Objective To establish a reasonable and stable rat model of uric acid nephropathy, and to provide a pathological model for screening and research on the treatment of uric acid nephropathy.
Methods Experimental rats were randomly divided into 3 modeling groups and normal group. The modeling group was given 750 mg/kg potassium oxonate combined with 150 mg/kg low-dose uric acid (group M-A), 750 mg/kg potassium oxonate combined with 300 mg/kg medium-dose uric acid (group M-B), and 750 mg/kg oxonate Potassium combined with 600 mg/kg high-dose uric acid (M-C group), the normal group (Control group) was given 0.3% sodium carboxymethyl cellulose (100 g/mL), and the serum uric acid, serum creatinine, blood urea nitrogen, Changes in triglyceride, cholesterol and other indicators as well as pathological changes in the kidneys.
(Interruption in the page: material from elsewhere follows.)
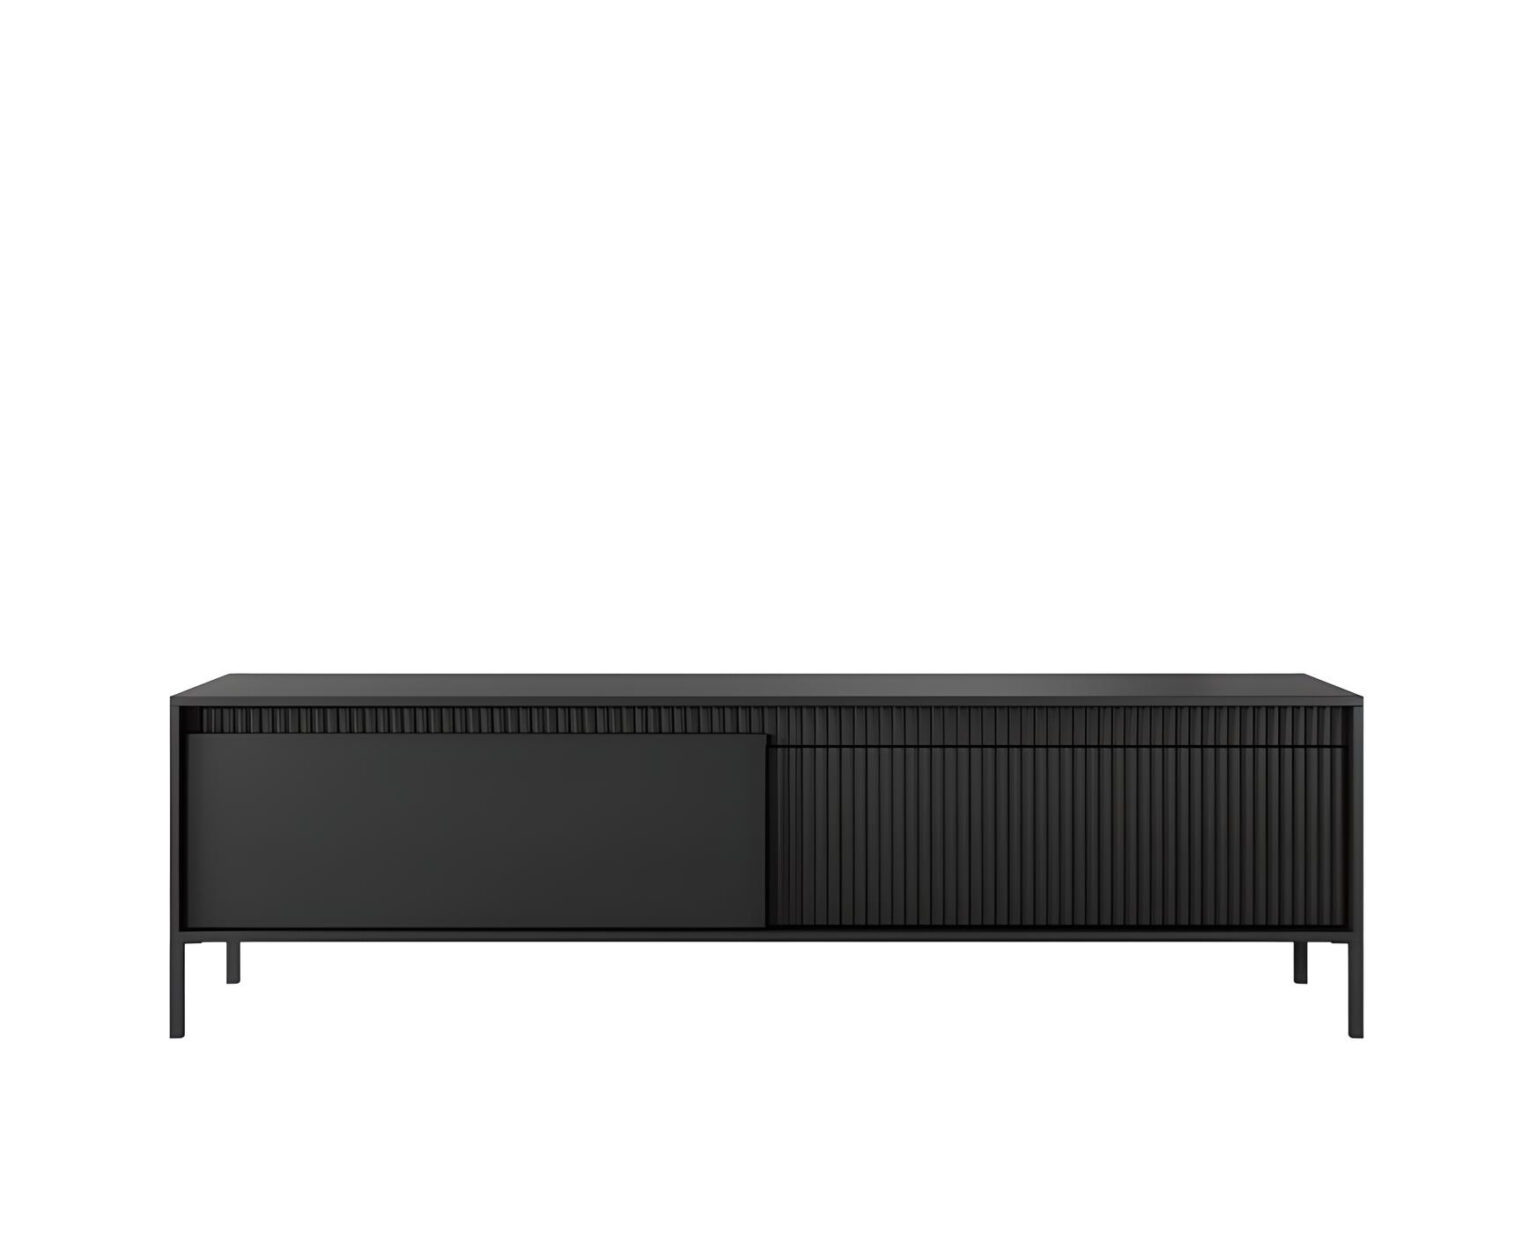 ROMANE meuble télé noir élégant de 187 cm avec 2 portes, 2 étagères pour un aménagement stylé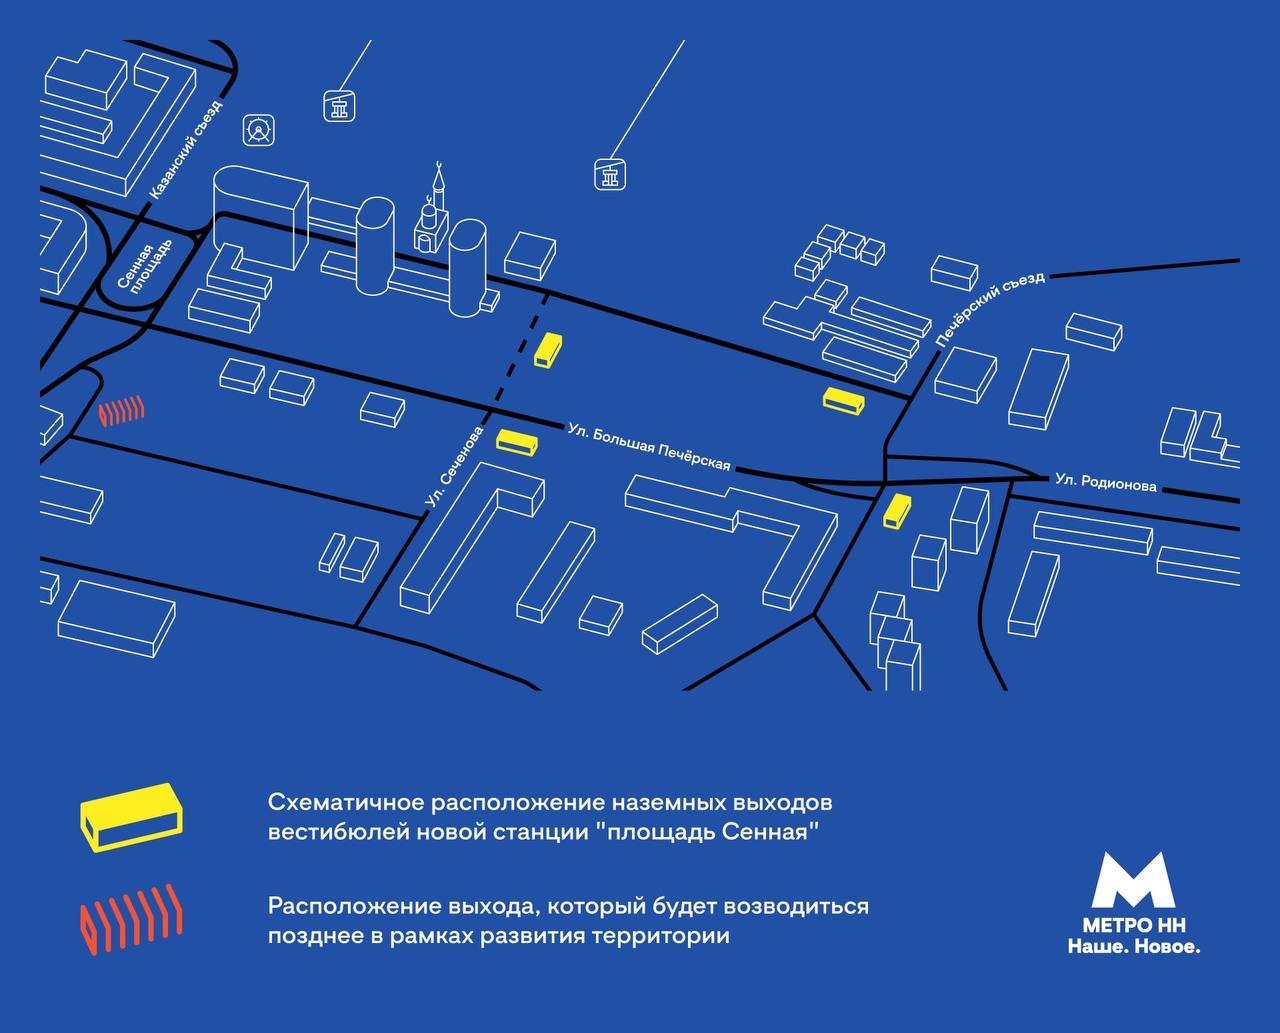 Опубликованы схемы расположения входов в новые станции метро Нижнего Новгорода - фото 1

Results Compared with the normal group, the serum uric acid in the three model groups was significantly higher than that in the normal group (P<0.01, P<0.05, P<0.05); the serum creatinine in the M-B group and the M-C group was significantly increased (P<0.05, P<0.05). 0.01); triglyceride in M-B group was significantly lower than that in normal group (P<0.05); renal pathological score in M-B group and M-C group was significantly higher than that in normal group (P<0.01); Masson staining morphological showed that 3 Compared with the normal group, the kidney injury in each model group was more obvious (P<0.05, P<0.01, P<0.01). The results of immunohistochemical inflammatory CD68 showed that compared with the normal group, the expression levels of the three model groups increased (P<0.05, P<0.01, P<0.01); compared with the normal group, the expression levels of E-Cadherin in the M-B and M-C groups Compared with the normal group, the expression of α-SMA was increased in the three model groups (P<0.05, P<0.01, P<0.01).
Conclusions Potassium oxonate (750mg/kg) combined with medium-dose uric acid (300mg/kg) can be used as an ideal method to construct a rat model of uric acid nephropathy.